Tragically, the culture of secrecy, blame, and power dynamics that has historically been ingrained in hospital operations and culture continues forward in many organizations. And it is that culture that is partly to blame for the outrageous number of incidents a year in this area, as it turns out that oftentimes, someone does notice that something is amiss, but is afraid to say anything. Very often, this is a nurse who sees that a surgeon is about to make a terrible mistake, but who feels the icy hand of silence preventing a shout-out that could save the situation. Who can question a surgeon, after all? The fear of retribution remains chillingly real in so many institutions.

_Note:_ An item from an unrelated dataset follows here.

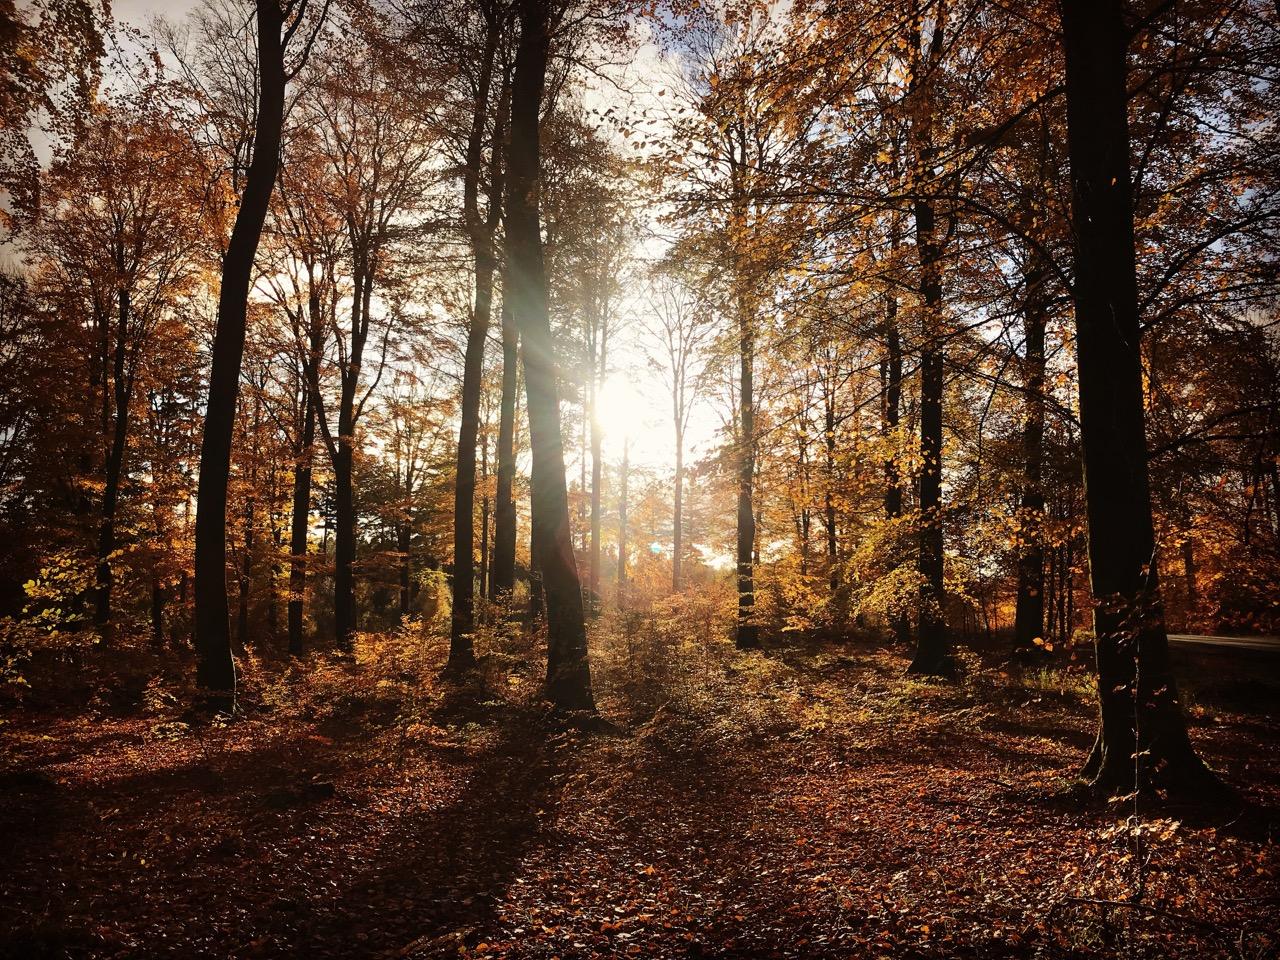 Lokal skov i novemberlys.

And the power dynamics within hospitals, and the culture of secrecy and silence, continue to haunt the current patient care environment, to the detriment of patients and families.

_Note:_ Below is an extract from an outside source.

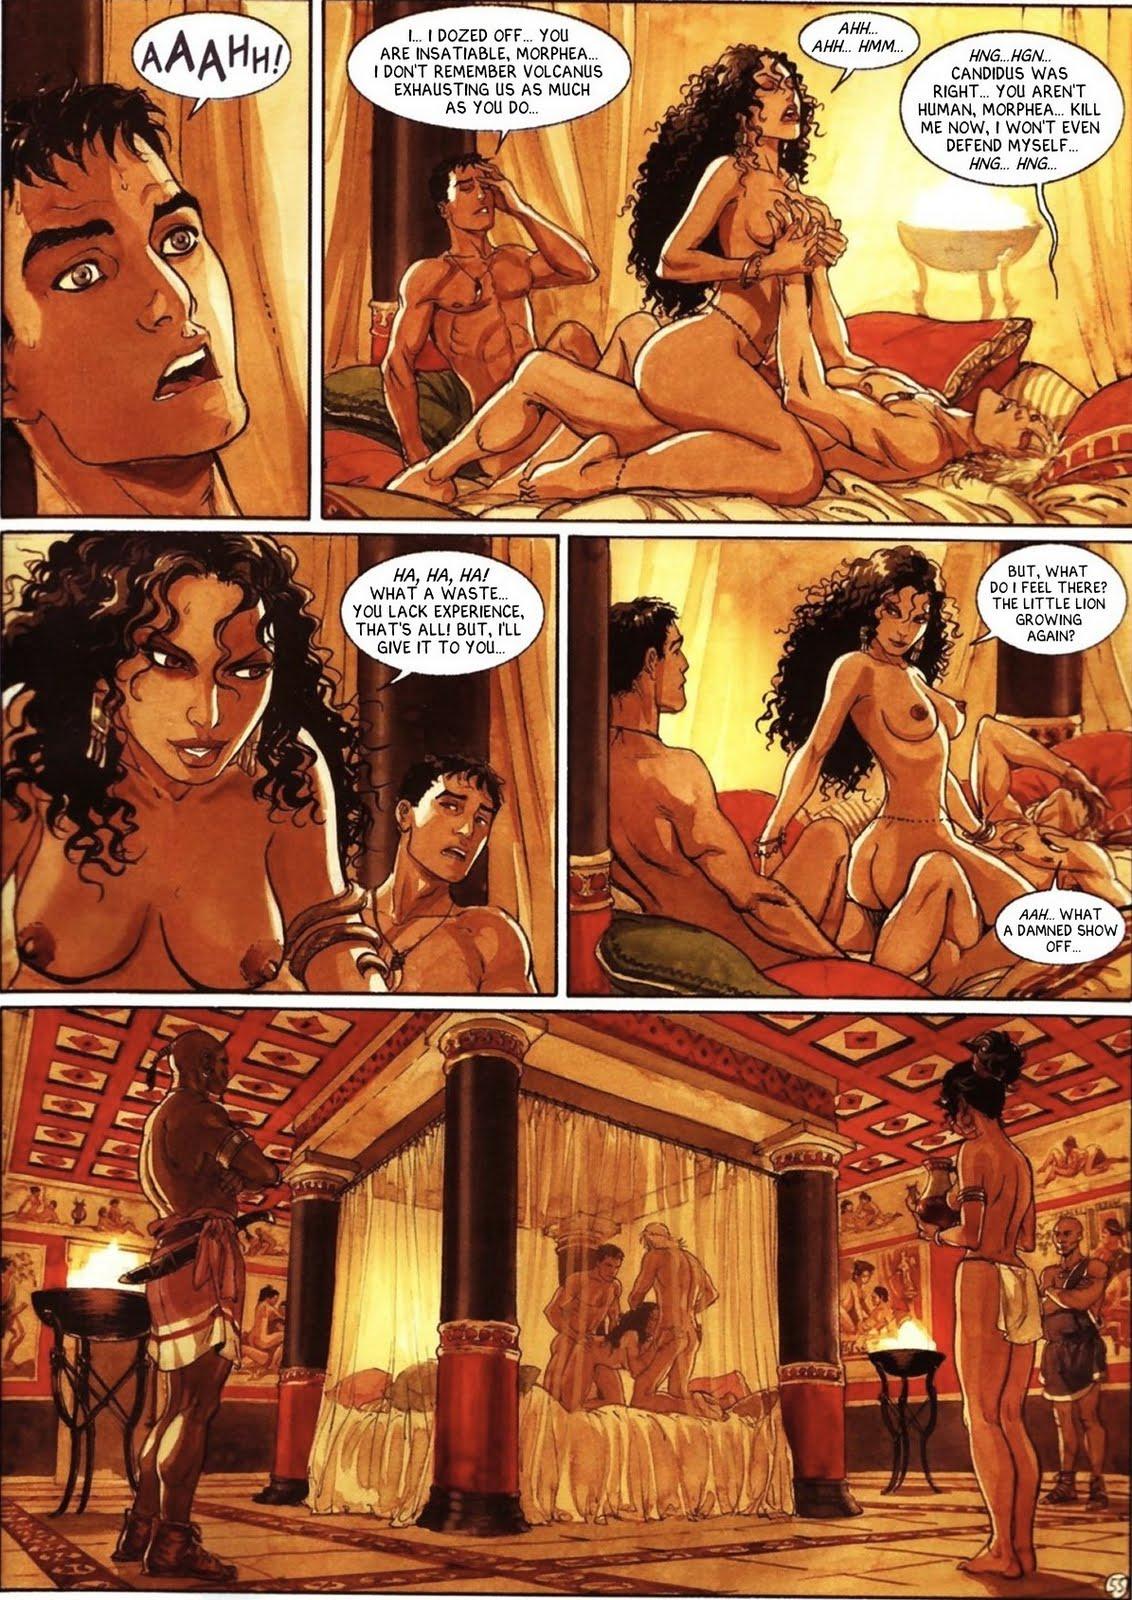 2d comic golden rome episodes 12 - 3 part 9

Fortunately, some things are beginning to change, and there are now hospitals in which surgeons can be stopped from making the wrong moves. But it takes two things to fundamentally alter the ongoing recipe for disaster that is wrong-site surgery. One of these is an deliberate and lasting change in the culture of hospitals, wherein every person who has any involvement in any patient care delivery process feels empowered to speak up and can intervene to avert a disaster.
And the other is the intelligent leveraging of automation. Using the right forms of clinical decision support, protocols, and other tools, can absolutely change this equation, if the forms of automation and information involved can be made truly useful to clinicians at the point of care. As Dr. Gawande so eloquently demonstrated in his book, checklists work. But they have to be intelligently applied, and, as so many experts have said to me over the years, we have to make it more difficult to make a mistake or act unthinkingly, by putting every possibly useful tool at the disposal of clinicians at the point of care.
There are so many things in healthcare that need to be improved that the list can be overwhelming, as well all know. But can’t we get this “one” thing right? And of course, I put the word “one” in quotation marks, because of course, this is in fact about the overlapping of many dynamic processes in a sometimes-frenetic environment, one strongly predisposed from the outset to interruptions and distractions.
But honestly, how long will this go on? I remember that way back in about 1992, when a very infamous case of wrong-foot amputation took place in Florida that received tremendous mainstream media attention, leaders across healthcare were saying even then how this must not go on, etc., etc. And back then, the level of automation in hospitals was, of course, primitive compared to what it is now. Yet 20 years later, wrong-site surgery appears either to be on the rise, or perhaps there is better reporting of it. In any case, it has clearly not disappeared.
So, invoking the ancient Greeks and their Roman successors, we must first do no harm. And in order to do no harm, we’re going to have to intelligently leverage clinical IT, along with massive doses of sustained performance improvement, in order to fix this situation, so that 20 years from now, we’re not still expressing the same level of shock at the persistence of wrong-site surgeries that we are today.